I’ve never tried this before but is sounds interesting. Perhaps I’ll determine a protagonist with a
telic flaw I want to write about.
We started with the overall plots. Began to develop a classic Romantic
protagonist. Then I applied the overall
plots to the character. Here’s the
result.
The Romantic protagonist comes from the common man (person
okay). Literary critic Northrop Frye
noted that the Romantic hero is often "placed outside the structure of
civilization and therefore represents the force of physical nature, amoral or
ruthless, yet with a sense of power, and often leadership, that society has
impoverished itself by rejecting". He
or she is also introspective, displays the triumph of the individual, melancholic,
wanderlust, misanthropic, alienated, and isolated.
All these characteristics are common to the Romantic protagonist,
but not all required or all inclusive. Let’s
take these and begin building a protagonist from the plots.
Let’s put together a Romantic protagonist and then apply the
overall plots. I’ll build a great Romantic
protagonist. I may or might not use this
protagonist in the future, but let’s just take a look at making a really good
one.
Here is our protagonist so far.
I’m thinking a girl who is in her teens. If you look at my protagonists about half are
male and half are female. I have written
about this before, but females make the best pathos developing
protagonists. Readers of both sexes and
all persuasions can’t help feeling sorry for them especially if they are
presented in an environment of suffering or poverty. This is just what I want for my example. I’m going to start with an impoverished female
teen who is orphaned and has been abandoned.

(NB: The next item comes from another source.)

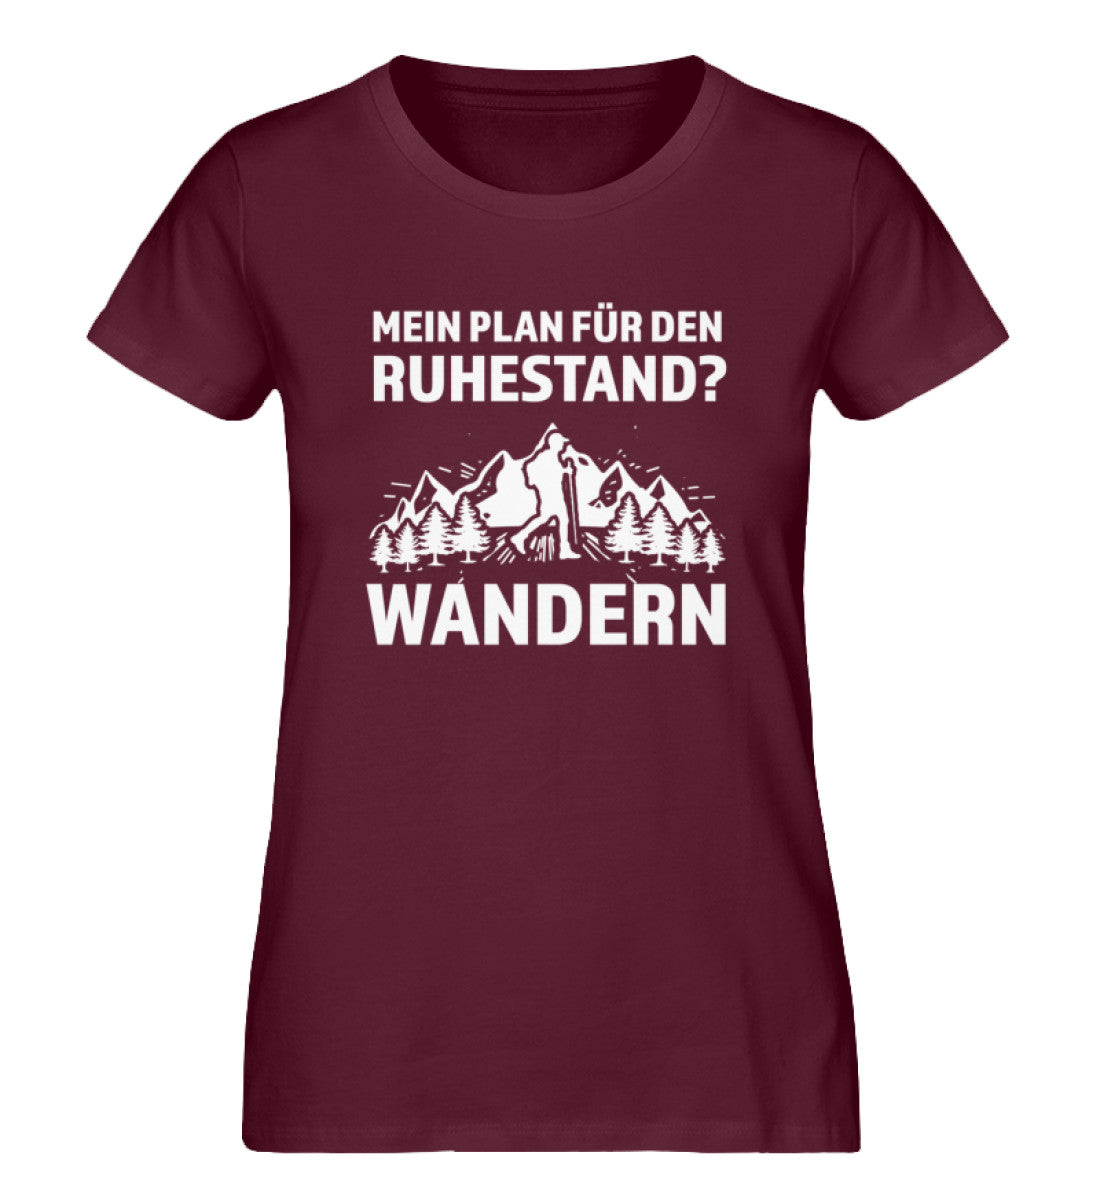 Plan für den Ruhestand - Wandern - Damen Organic T-Shirt wandern Weinrot

Outside of the structure of civilization. This protagonist has been raised by her
father in upper Scotland. She has been
culturally and socially isolated because her mother was fae and her father was
a common man. Her father was a handsome
workman with zero connections and from an isolated Scottish background himself. He lived with his father and mother in an old
house at the outskirts of a village in the Scottish Highlands. He was enamored of a garden fairy, and she
had a child. The garden fairy hung around
until the garden outside the house fell into disrepair. The disrepair was because the mother and
father who took care of it died and the workman would not or could not take
care of it. The garden fairy hung around
long enough to train her daughter in fae glamour (the power of the fae), so our
protagonist is not without power, but she doesn’t understand how she can use it
very well. The workman father has kept his
daughter a secret from the village and the people. You have a person who is outside of the structure
of civilization. Her workman father dies
before the novel, and she has been living alone in the house and decrepit
garden. She is an orphan. Let’s say the workman died of a broken heart,
alcohol poisoning, and exposure. His
daughter has been surviving through stealing food, rummaging in the garbage,
offerings left by the superstitious people of the village. We’ll build more into this.
Force of physical nature.
The force of physical nature is the garden fae and the child of the
garden fae. This is a supernatural idea,
but still represents the wild and untamed world of the Scottish Highlands. In addition, we have the inclusion of Fae glamour. I use this idea in my books to separate the
idea of angelic or post angelic power which is a type of miracle form magic.
Amoral or ruthless. Our
protagonist must go to certain lengths to be able to continue to live. She is unlike the civilized person who would
just lay down and die. She has skills
that allow her to survive in the wild and without much help. We also are moving in the plots and the telic
flaw quite unintentionally. We need to
begin to write about what we will do with our protagonist. We are already seeing the development of the
telic flaw. If she is abandoned,
uneducated, orphaned, hungry, and living in an abandoned house, we are already
seeing the development of the telic flaw.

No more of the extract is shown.